> [What needs to be done]:
Copy nothing but the lines below, from the one with "Best Dad Ever Hands Down Personalized Shirt" through the one with "Krefeld from above", exactly as written; no pictures should appear.

> [Source information]:

--------------------------------

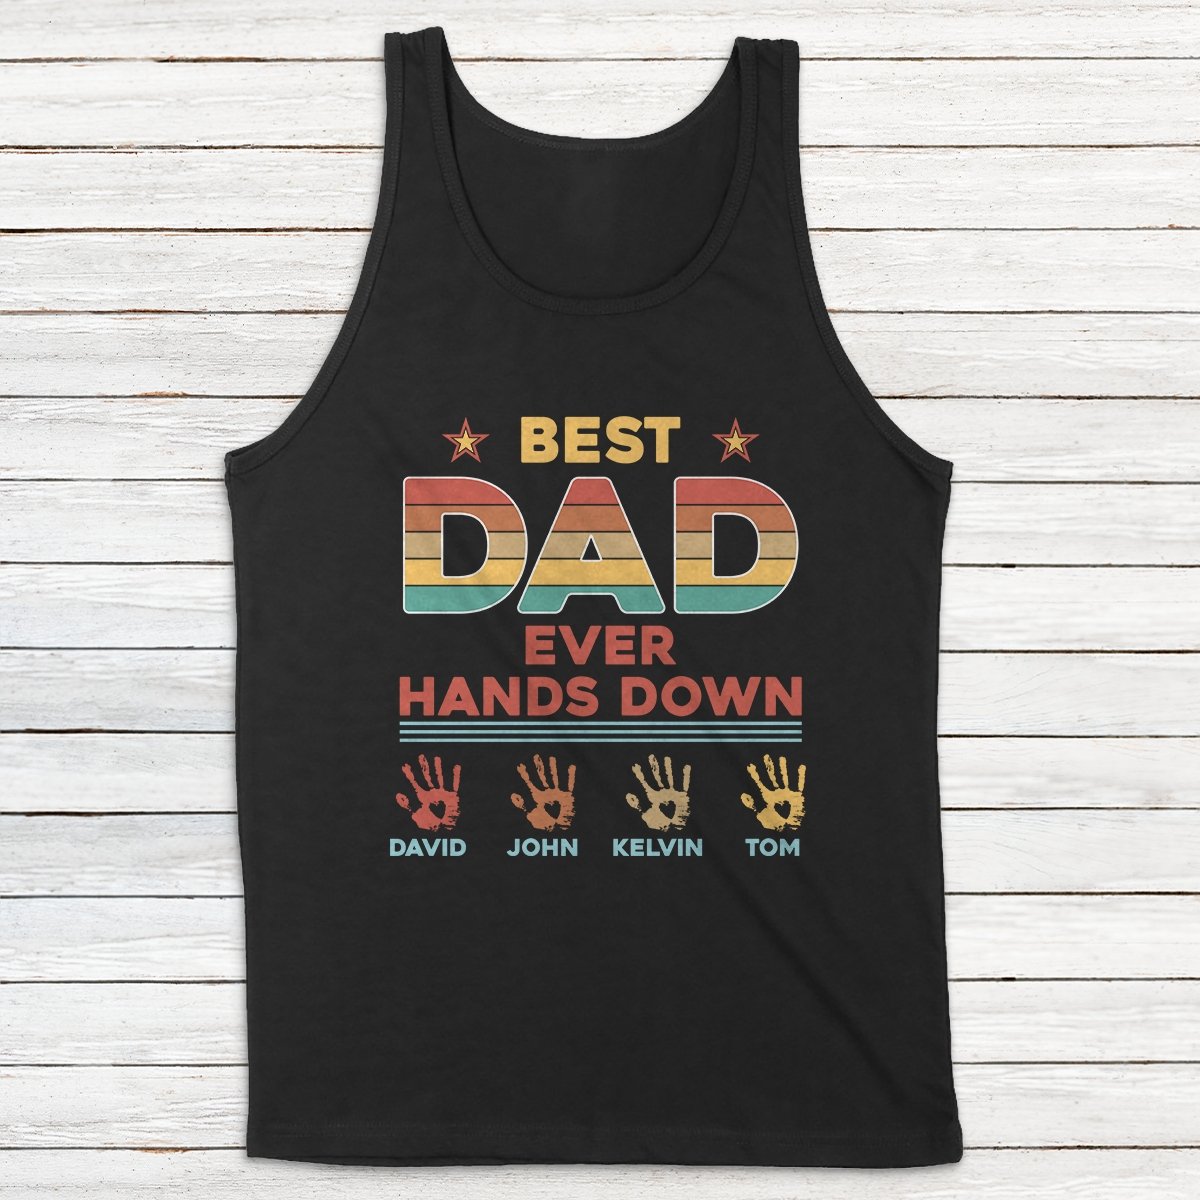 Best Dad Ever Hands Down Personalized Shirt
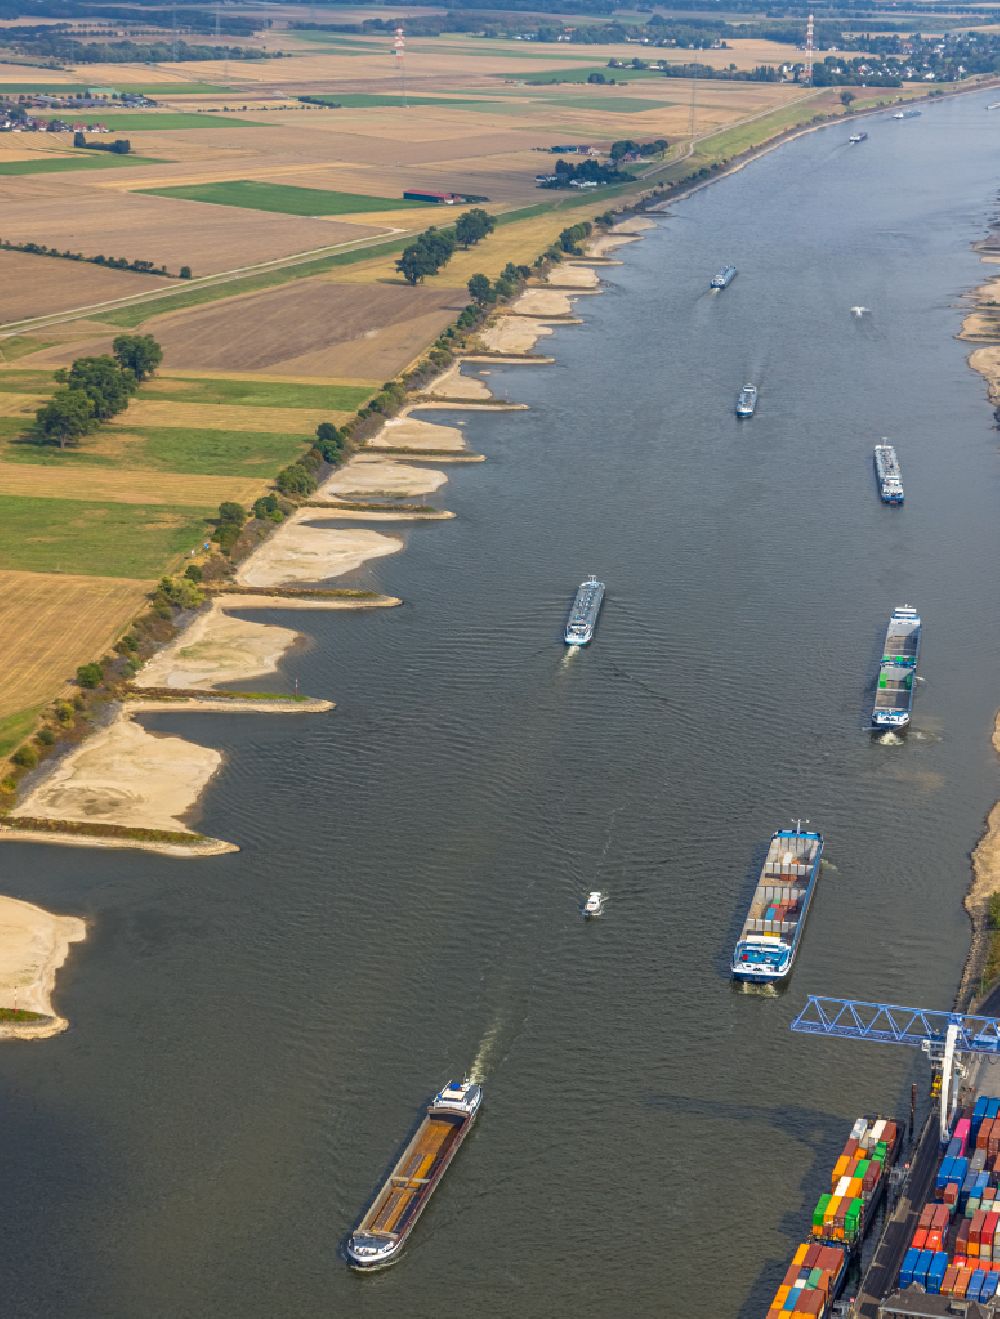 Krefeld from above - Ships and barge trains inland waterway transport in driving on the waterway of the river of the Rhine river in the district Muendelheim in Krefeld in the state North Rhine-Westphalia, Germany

--------------------------------

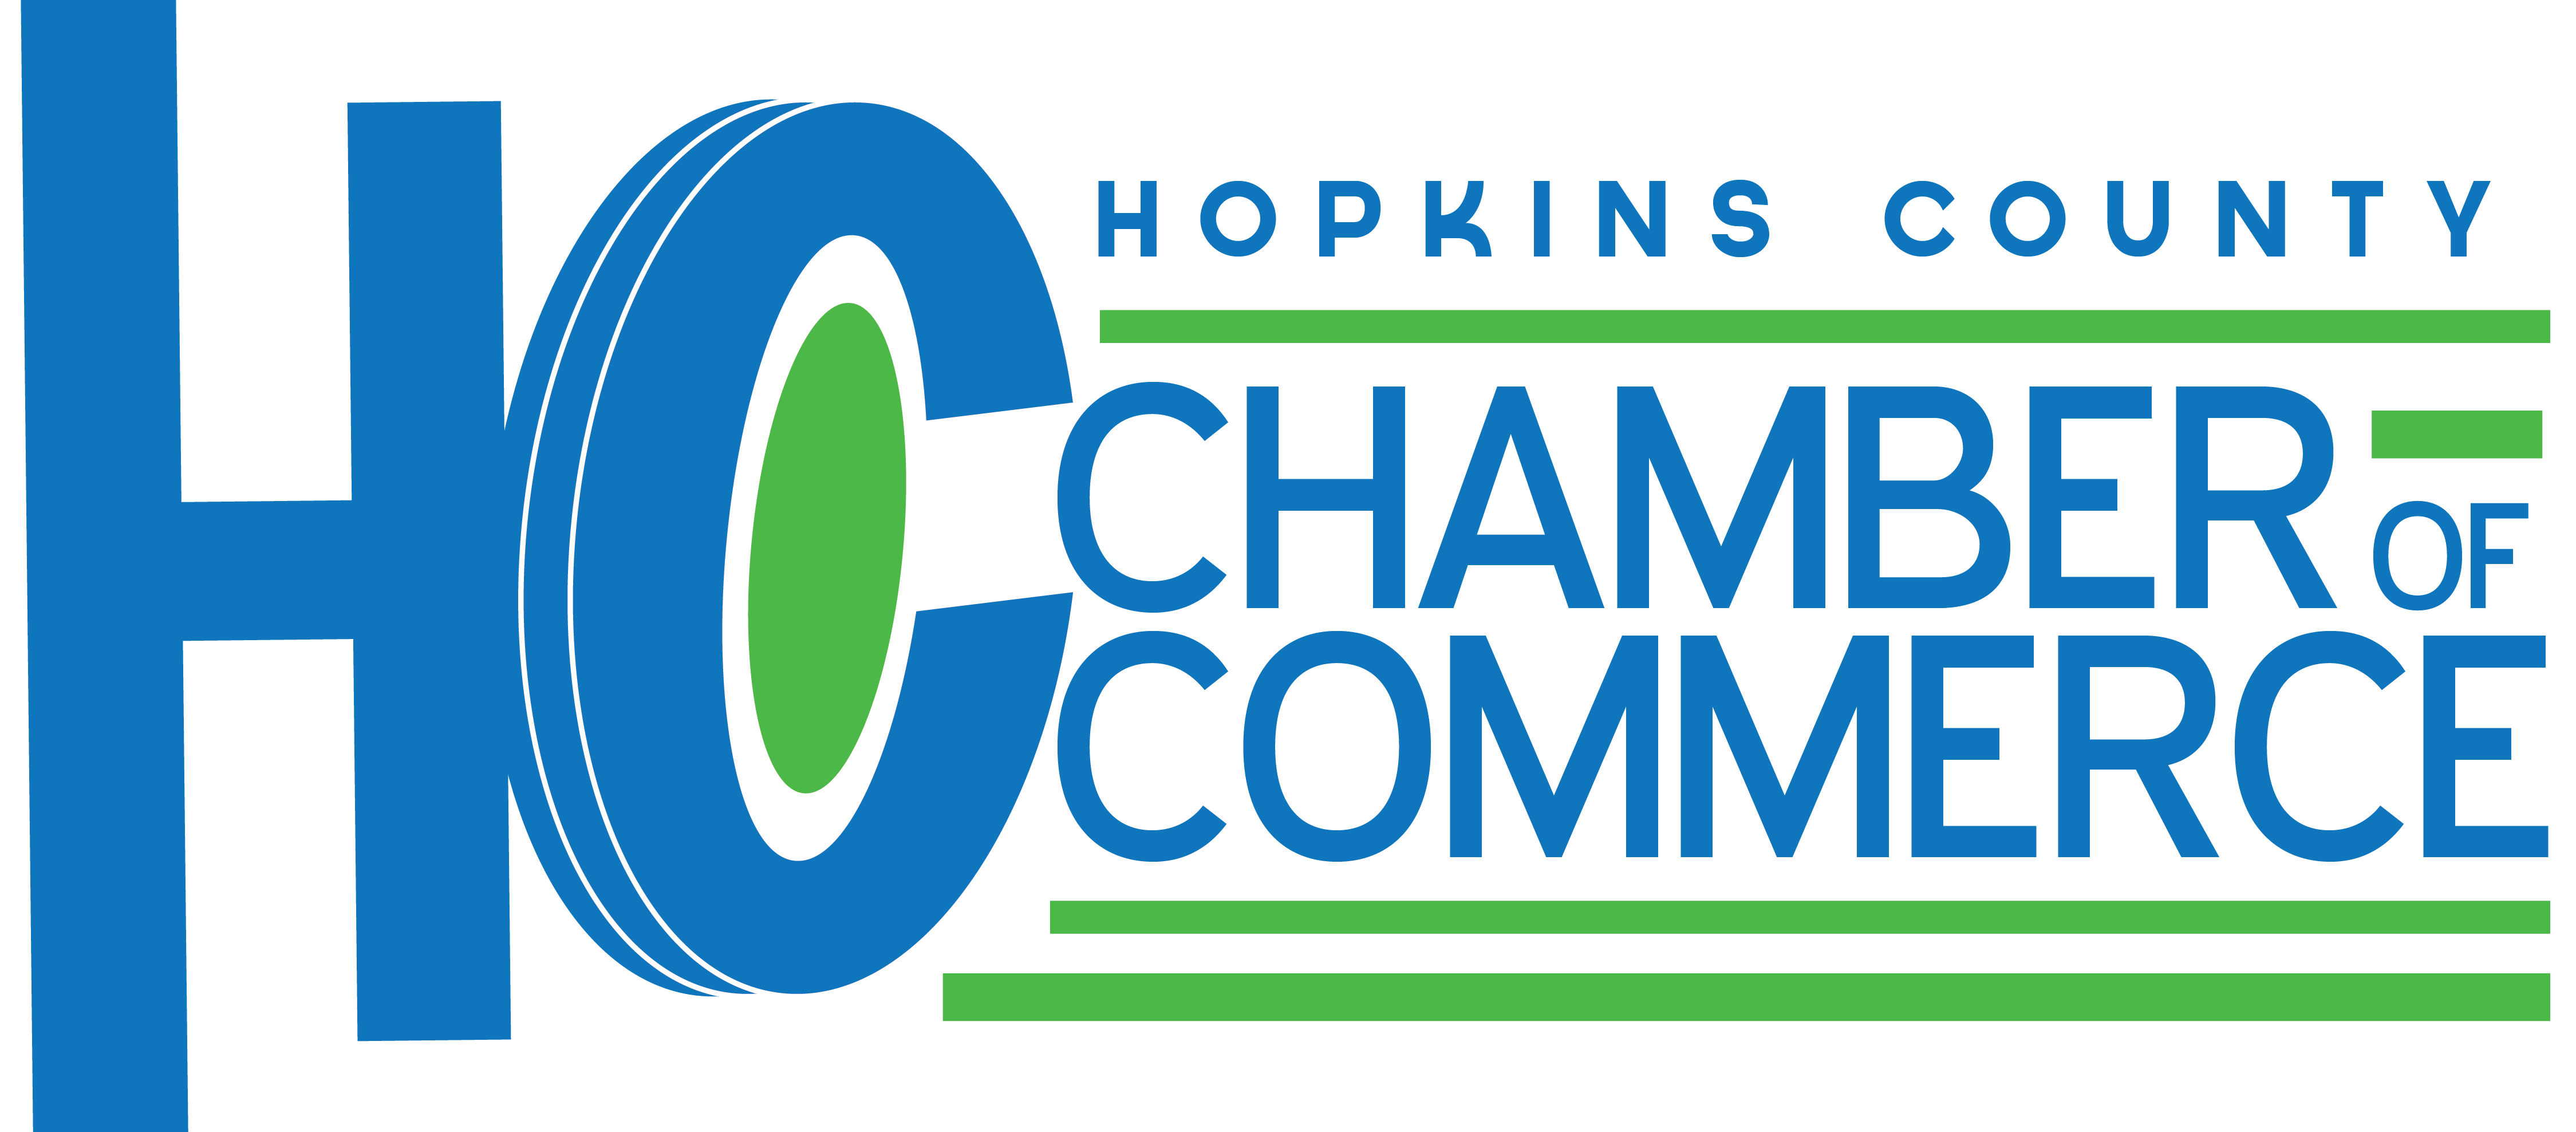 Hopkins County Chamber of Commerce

--------------------------------

> [Task output]:
 Best Dad Ever Hands Down Personalized Shirt
 Krefeld from above - Ships and barge trains inland waterway transport in driving on the waterway of the river of the Rhine river in the district Muendelheim in Krefeld in the state North Rhine-Westphalia, Germany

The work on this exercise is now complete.